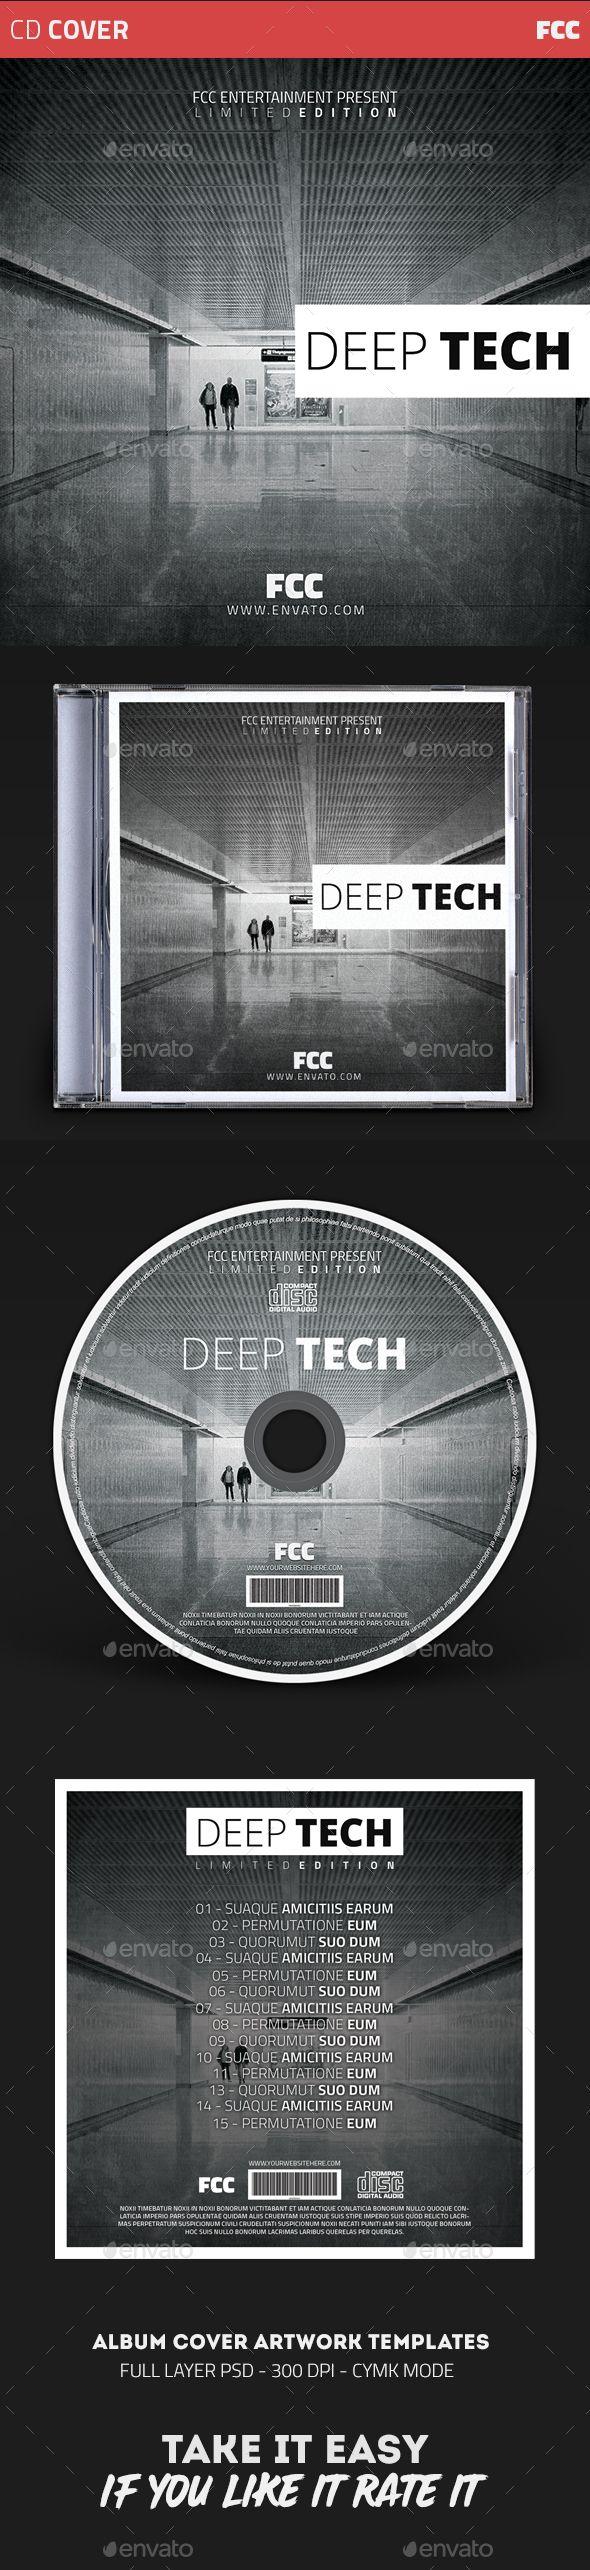 Mejores 149 imágenes de CD & DVD Templates en Pinterest   Logotipo ...
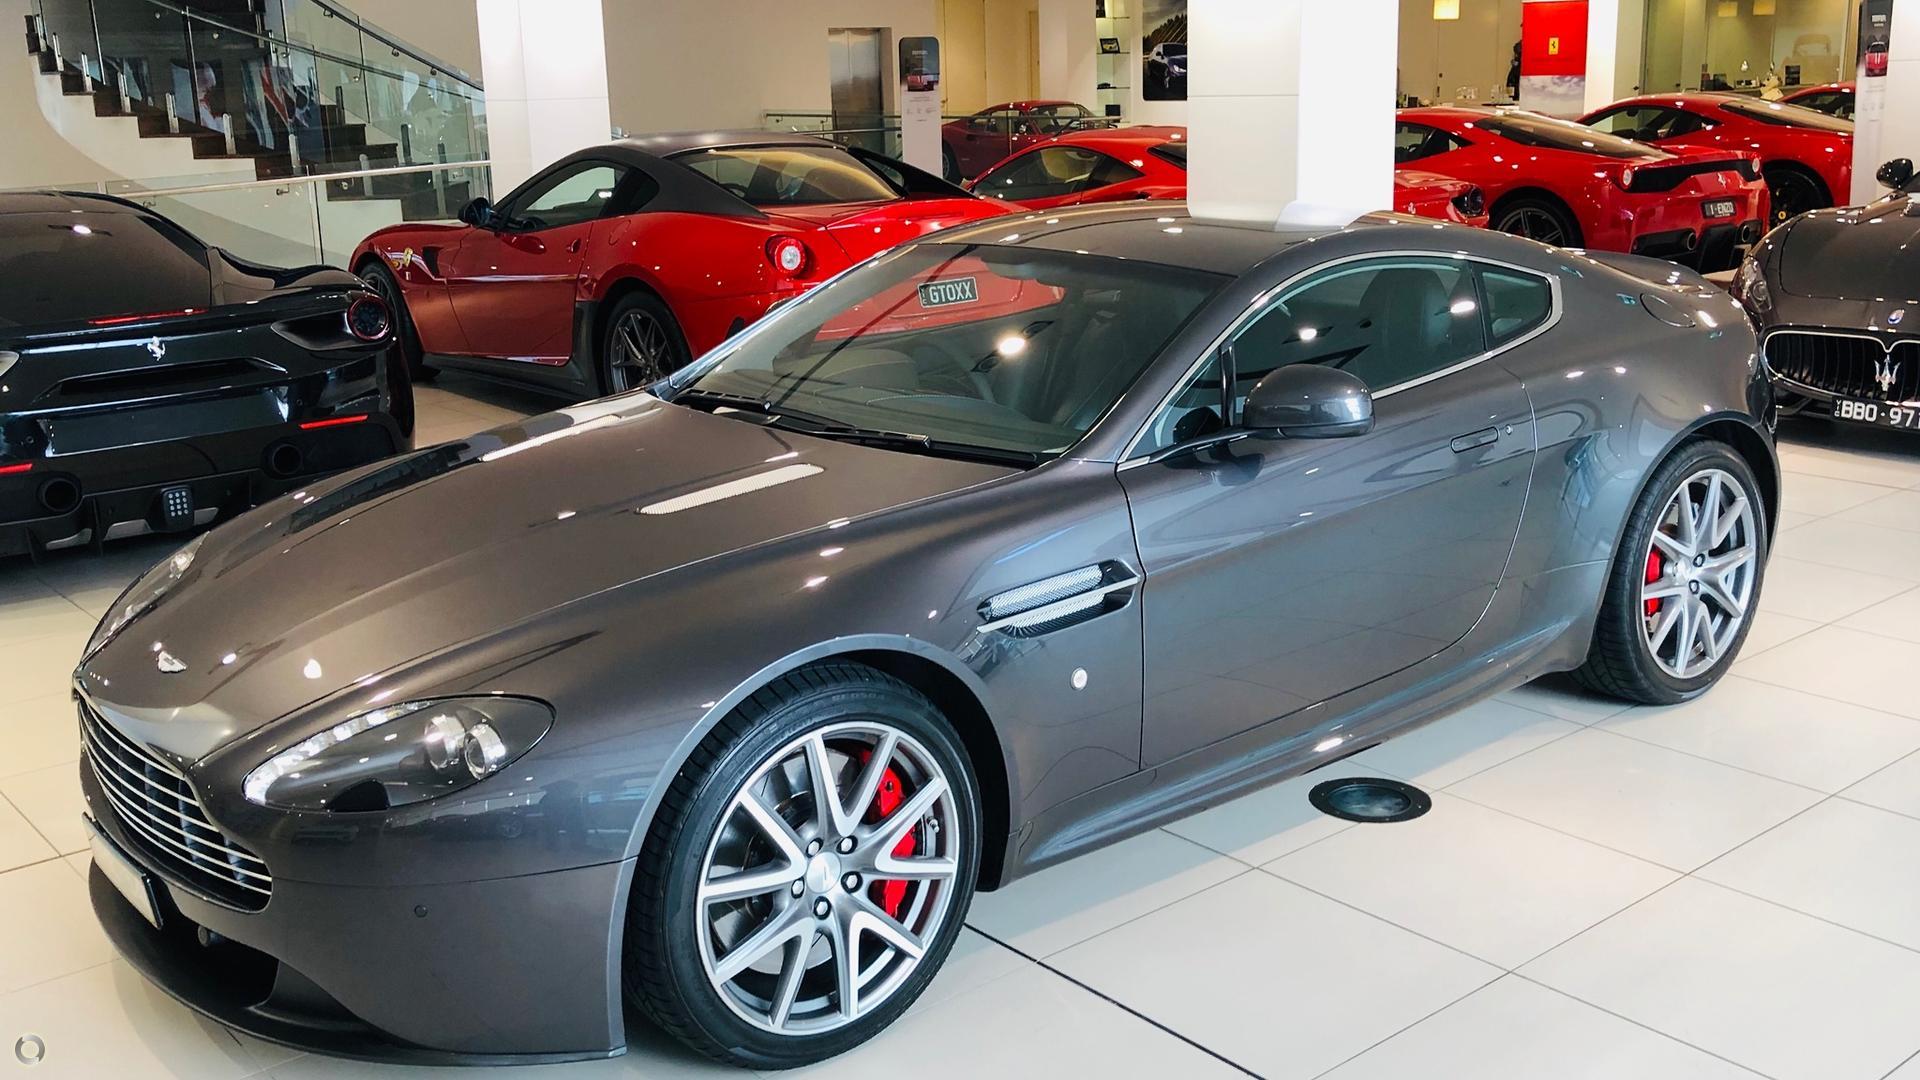 2012 Aston Martin V8 Vantage (No Series)
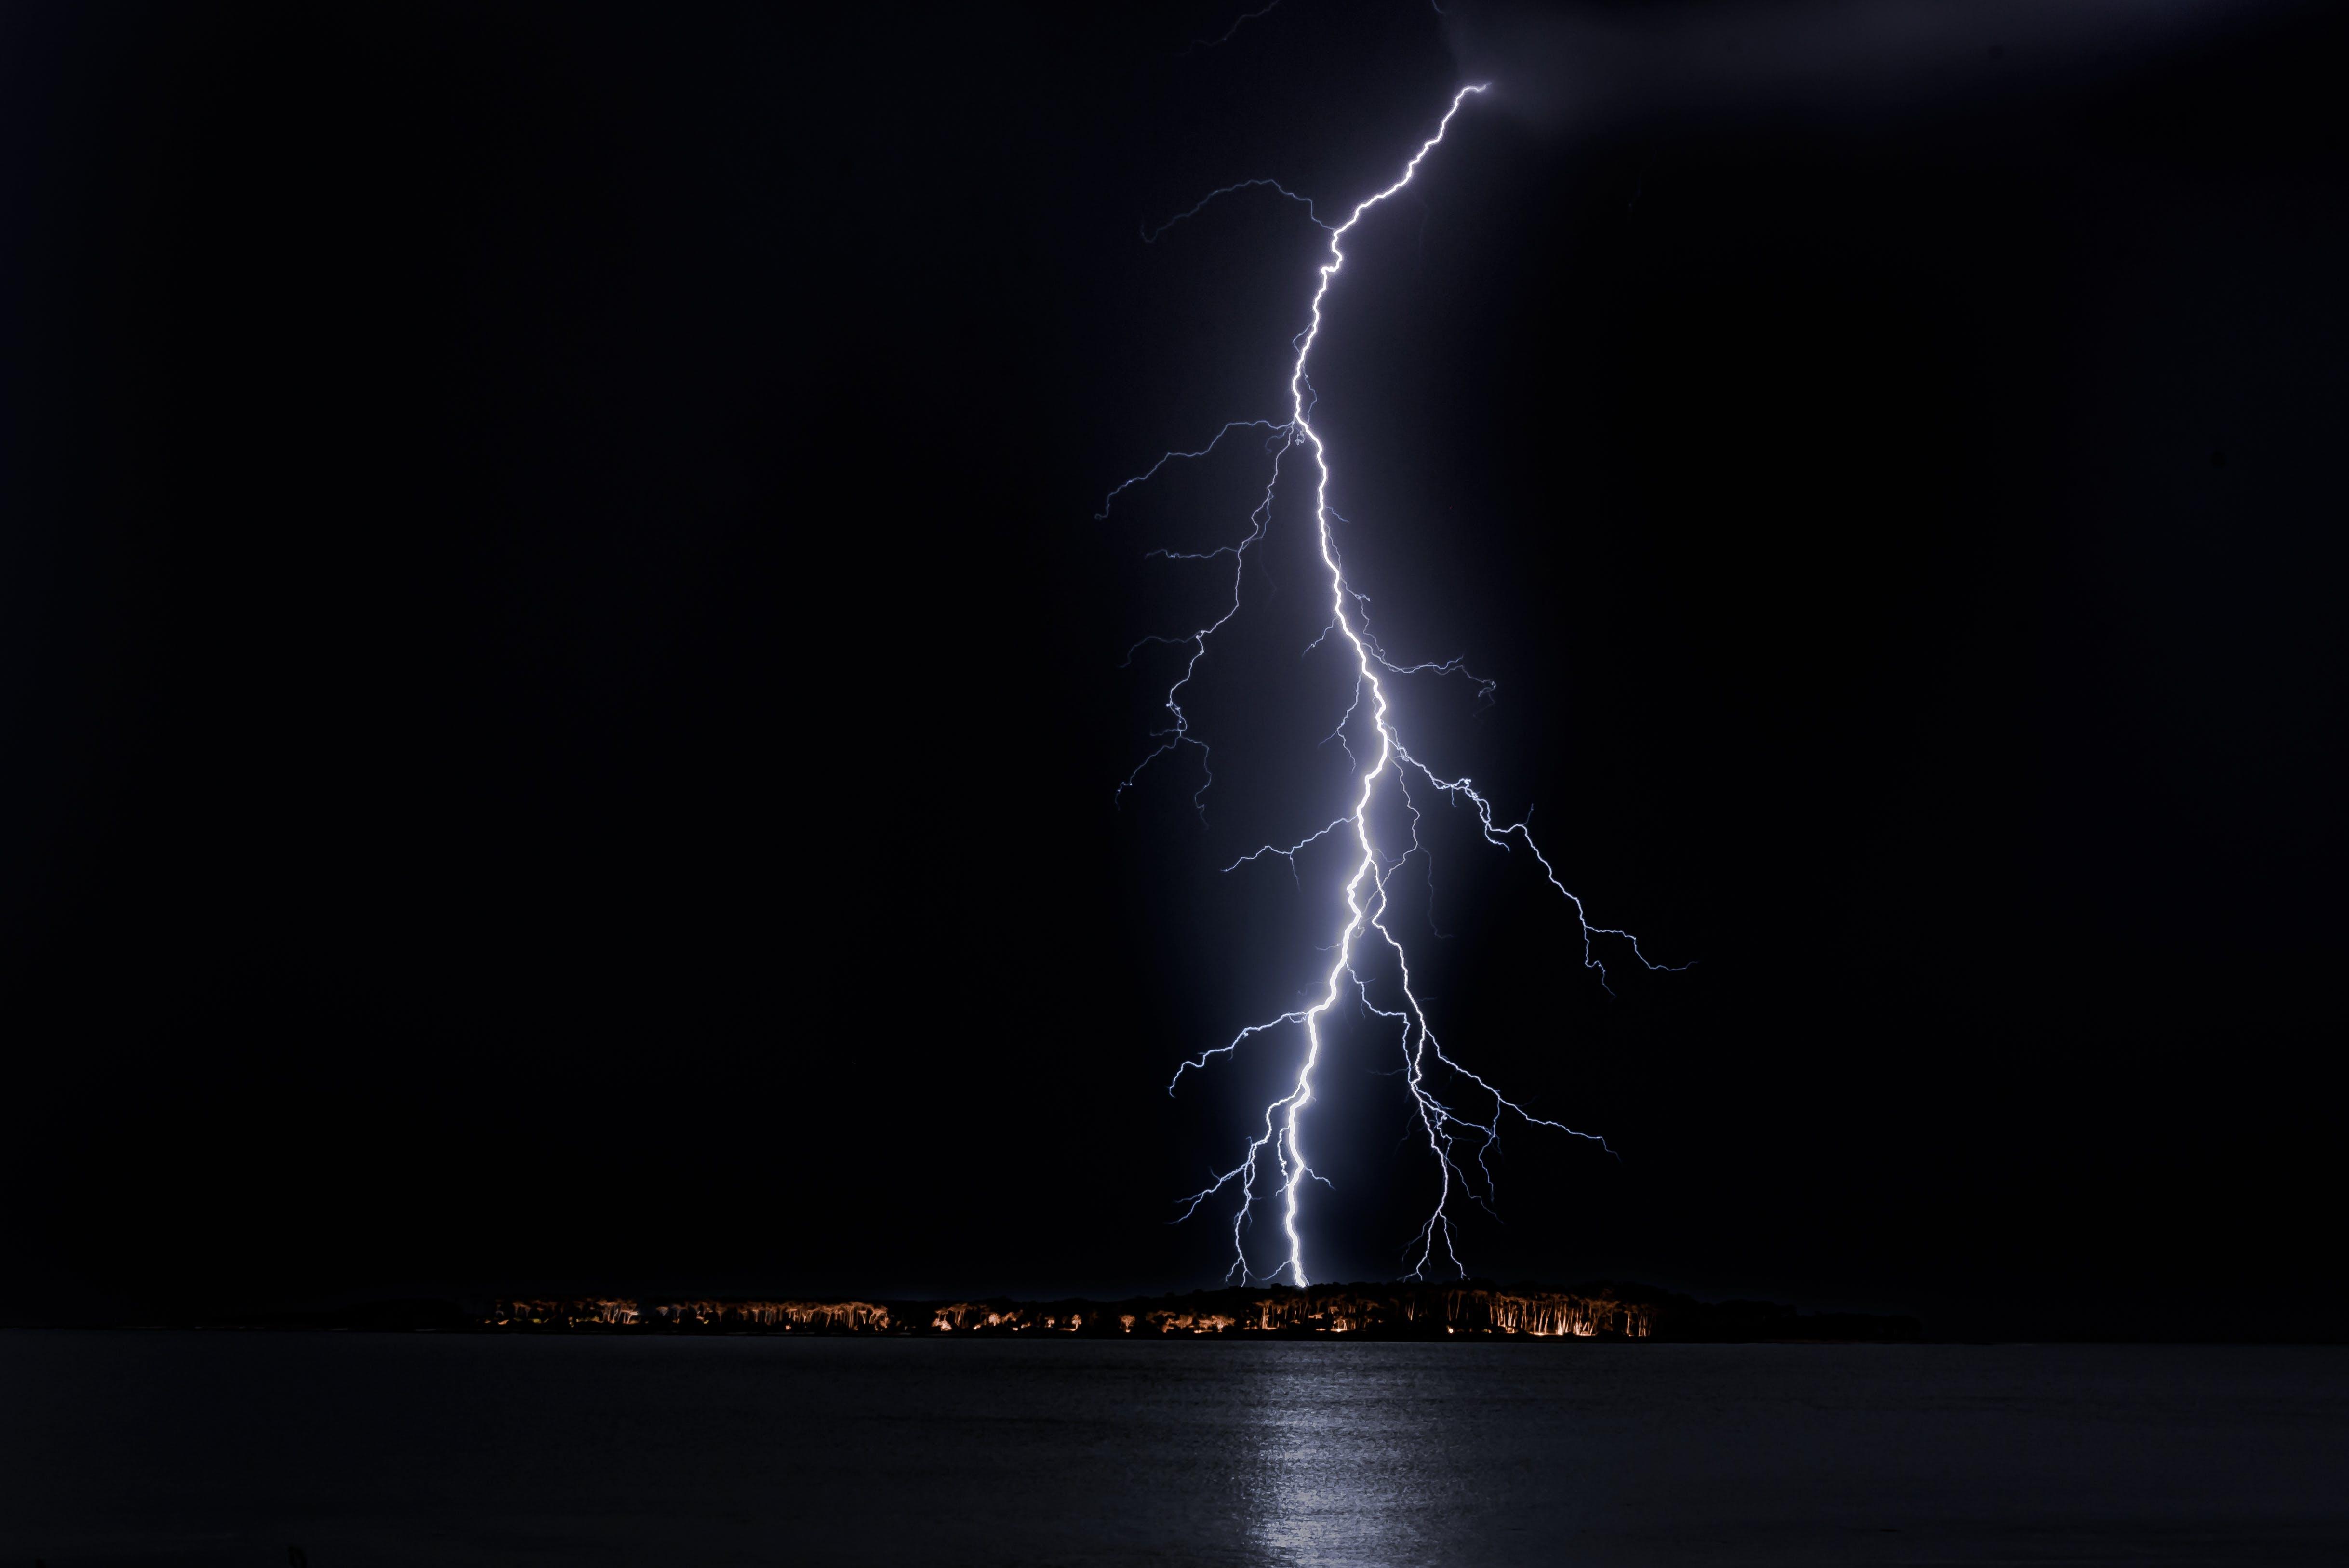 Lightning Strike on City

=== Directions for this task ===
Repeat the material above exactly; pictures do not belong in the copy.

=== Reply ===
 Mejores 149 imágenes de CD & DVD Templates en Pinterest   Logotipo ...
 2012 Aston Martin V8 Vantage (No Series)
 Lightning Strike on City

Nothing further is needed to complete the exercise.